State governments worked to fill the gap created by the lack of an updated federal law to protect children’s privacy. With requirements such as age-specific language and limits on the selling of a child’s personal information, California’s Age-Appropriate Design Code spurred dozens of copycat laws in other states. Two of the most notable are Utah’s Social Media Regulation Act, which proposes regulations to protect children from harmful online content and potentially addictive algorithms, and Connecticut’s Senate Bill 3, which amends the Connecticut Data Privacy Act to establish more protections for children’s data. It includes strict limitations on using children’s data for advertising, profiling, and geolocation as well as mandatory data protection assessments and design modifications to reduce children’s prolonged use of online services.

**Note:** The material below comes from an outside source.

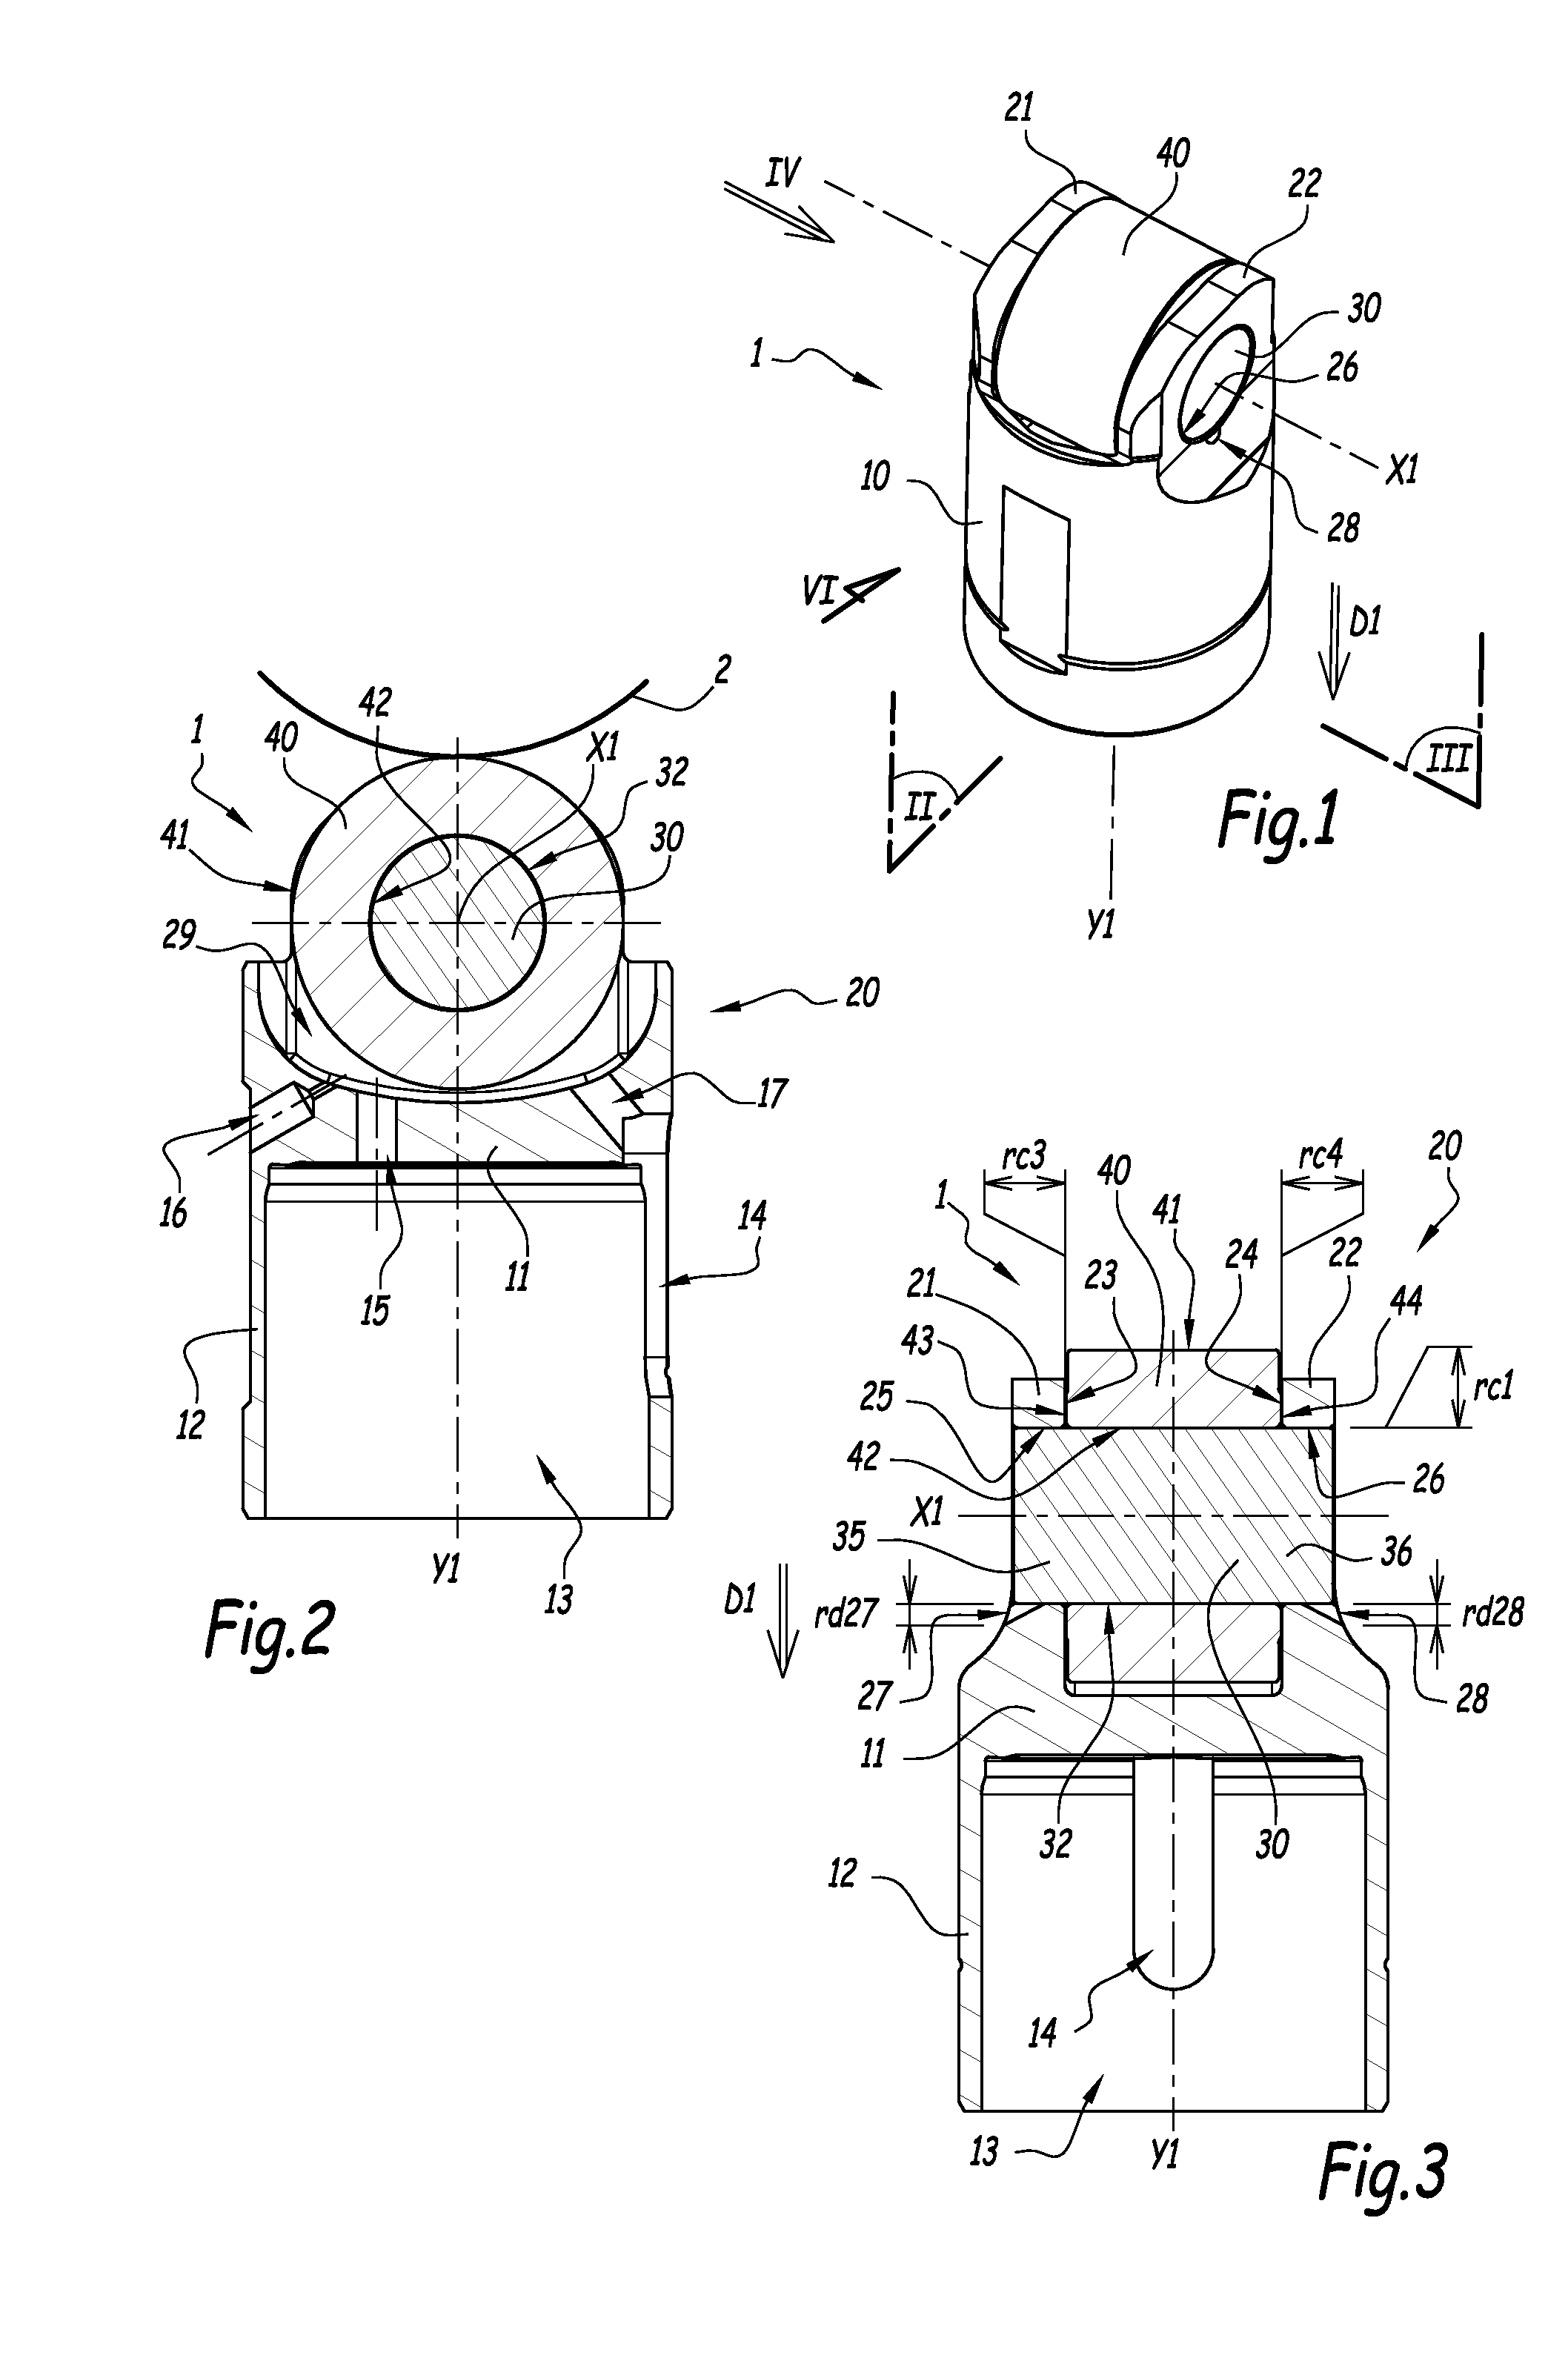 Method for manufacturing a roller, adapted to equip a mechanical system forming a cam follower or a rocker arm

10. The SEC focuses on cybersecurity disclosures and enforcement
Though not traditionally thought of as a privacy and cybersecurity regulator, the SEC was extremely active on these issues in 2023. Most importantly, the SEC adopted new cybersecurity disclosure rules that require public companies to provide detailed information about their cybersecurity risks and incident-handling procedures. The new disclosure rules require that a public company that experiences a material cybersecurity incident must report the incident within four business days of determining that the incident was material. These rules also lay out the incident details that must be included and the forms that must be filed. The rules came in the wake of a settlement with Blackbaud, a client relationship management service provider, over allegations that it did not have adequate disclosure controls and accurate reporting of a breach incident, among other allegations. Finally, the SEC also proposed amendments to Regulation S-P. If adopted as proposed, these amendments would impose additional burdens on covered institutions when it comes to handling consumer data and contracting with service providers as well as increase obligations in the event of a security incident (among other changes).
* * *
The pace of change in the regulation of data privacy continues to increase. 2023 was a year of substantial change in virtually every area of privacy regulation. Companies affected by these developments—likely most companies of any meaningful size in the United States—will need a careful approach to understanding these new obligations and building appropriate compliance programs, all while waiting for the next shoe(s) to drop with new activity in 2024.